Bitcoin Scarcity Saved With an April Fool’s Joke

Bitcoin’s famed scarcity? Turns out, it needed saving – and a well-timed joke – to avoid ballooning to 126 million coins. Eleven years ago, a fix named BIP-42 quietly averted a potential Bitcoin supply explosion set to strike centuries in the future. Submitted by Bitcoin Core contributor Pieter Wuille on April Fool’s Day, 2014, this proposal addressed a subtle but critical coding error in Satoshi Nakamoto’s design related to Bitcoin halvings.

Turns out, Satoshi – yes, that Satoshi – wasn’t infallible after all. A lurking bug in his code could have triggered block rewards to revert unexpectedly to 50 BTC every 250 years. This would have effectively reset Bitcoin’s supply schedule back to its 2009 origins, again and again, into the far future.

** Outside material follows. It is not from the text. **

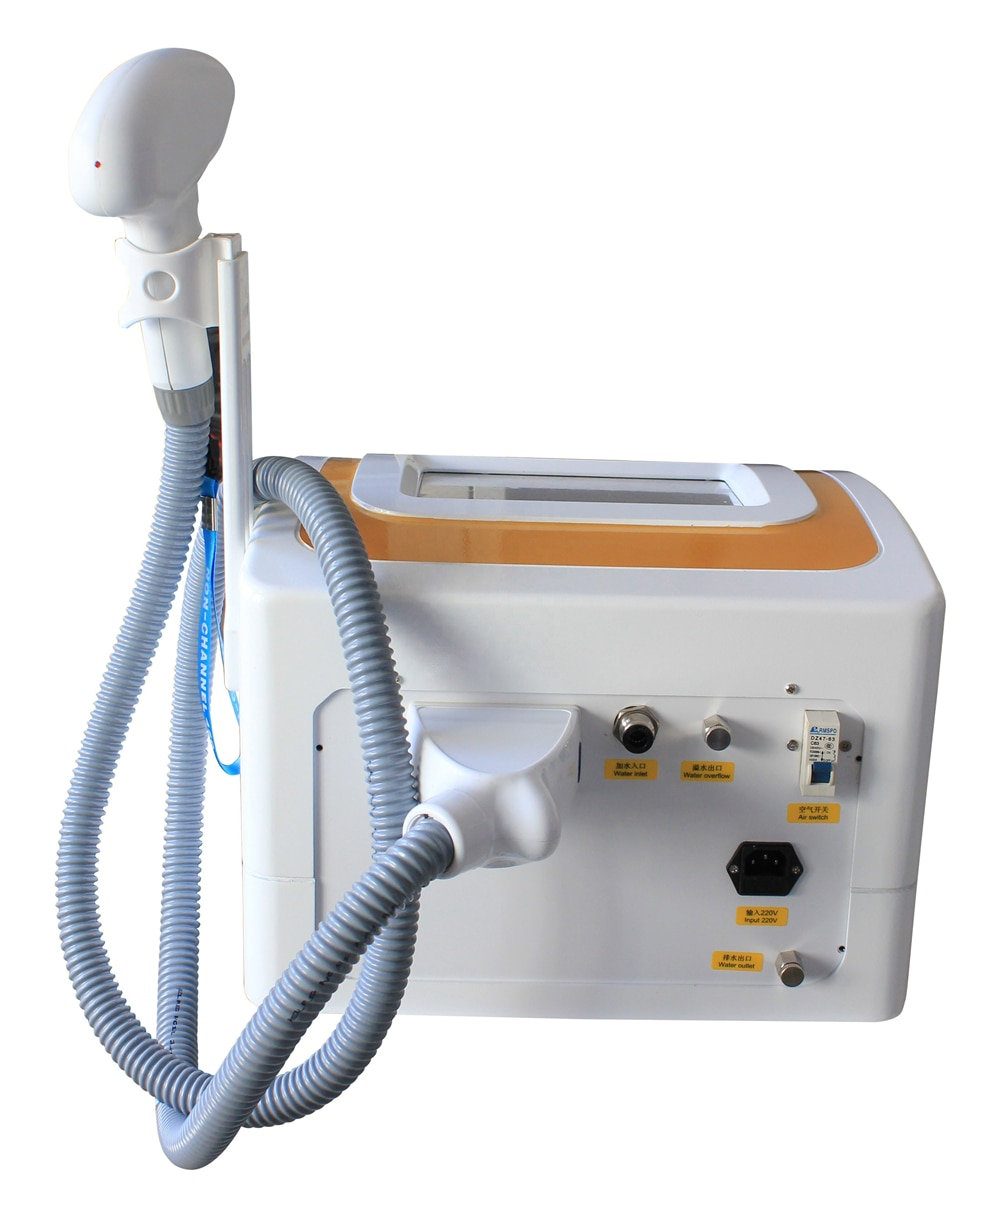 Купить с кэшбэком 2021 Newest Real 600W hair removal laser 755nm/808nm/1064nm three wavelenth 808nm diode laser hair removal machine With CE
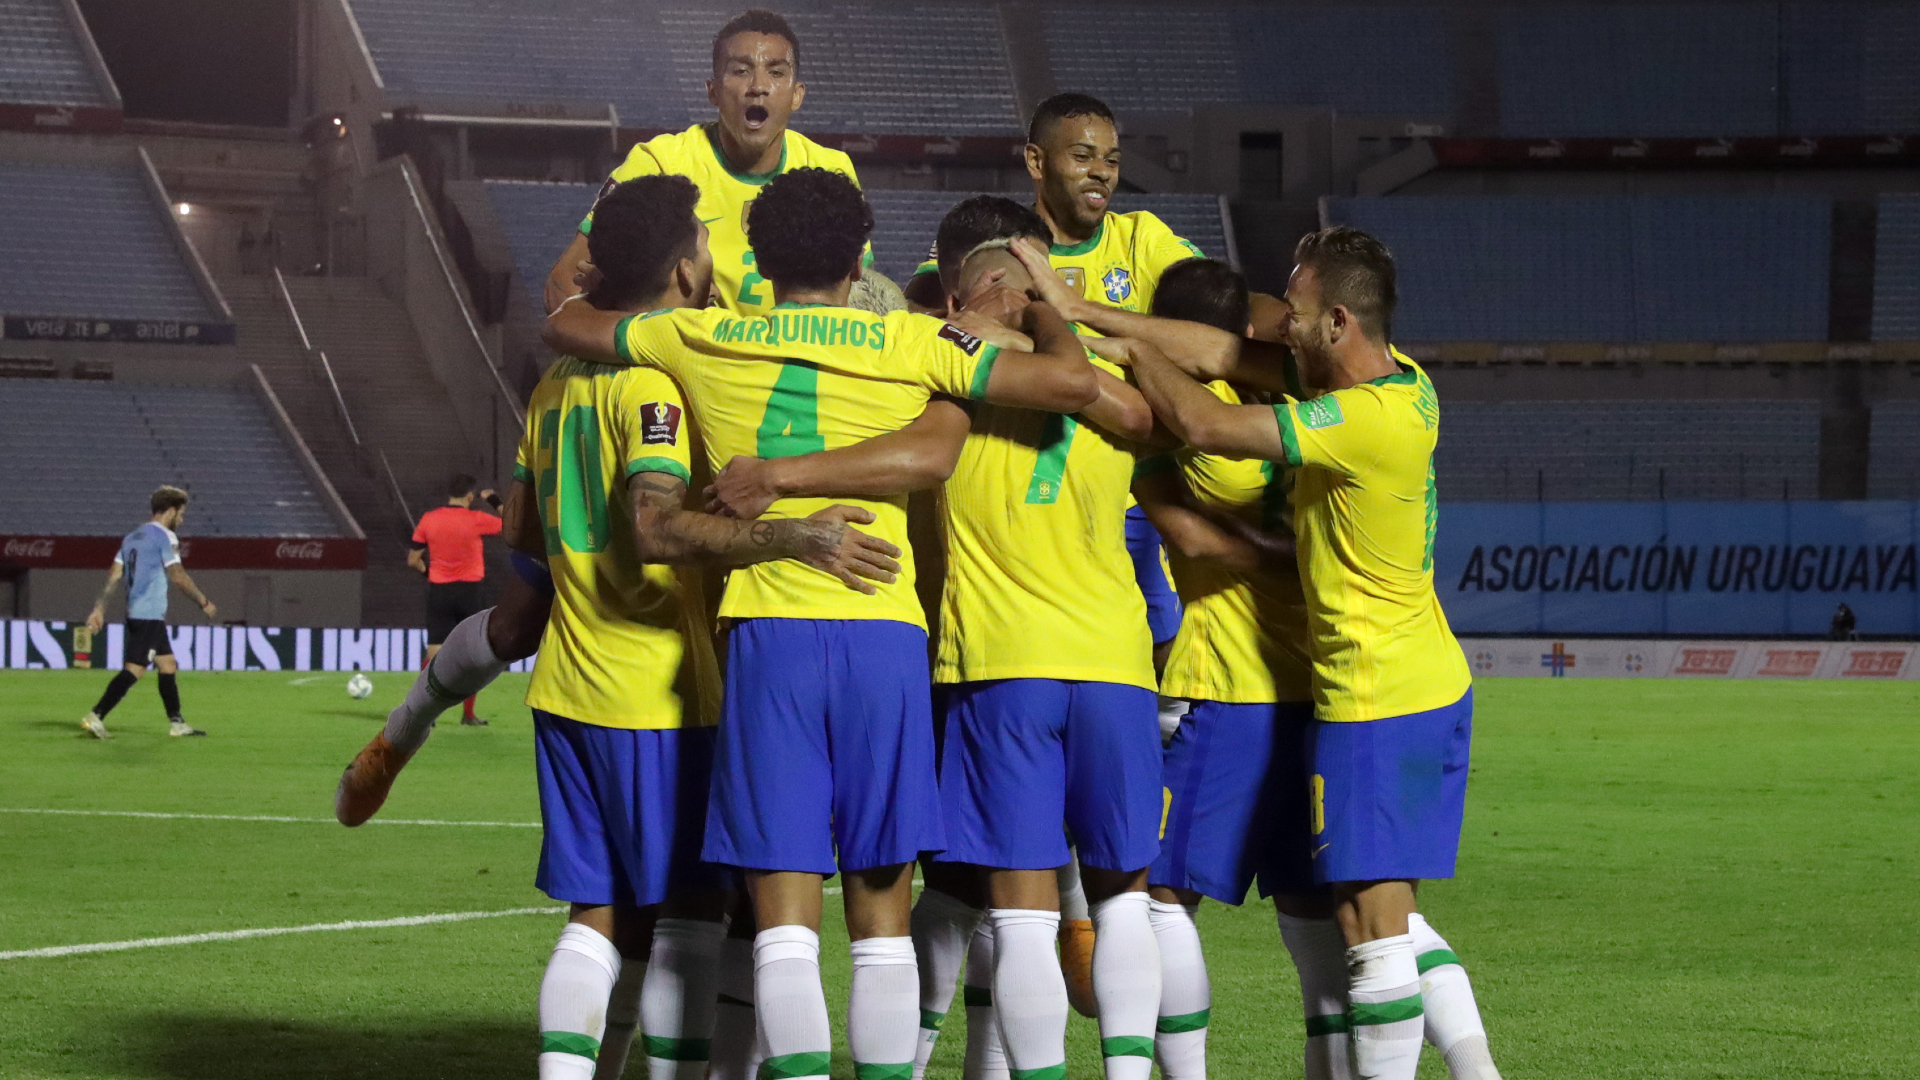 Uruguay 0-2 Brazil: Arthur, Richarlison help keep Tite's men perfect

Based on a solution from Gregory Maxwell, BIP-42 functioned as both a crucial technical patch and a tongue-in-cheek commentary on Satoshi’s original programming. As Wuille himself quipped, the bug suggested Satoshi might not have been the inflation hawk many assume, given he inadvertently coded in a potential for “infinite bitcoins.” Without the fix, Bitcoin’s circulating supply was projected to hit 126 million by the year 3417.

While the humorous tone of BIP-42 adds a uniquely quirky chapter to Bitcoin’s developmental history, it also adds a layer of obscurity. The lighthearted nature of the patch might forever prevent a deeper understanding of the full scope of discussions and considerations that surrounded this surprisingly critical software update.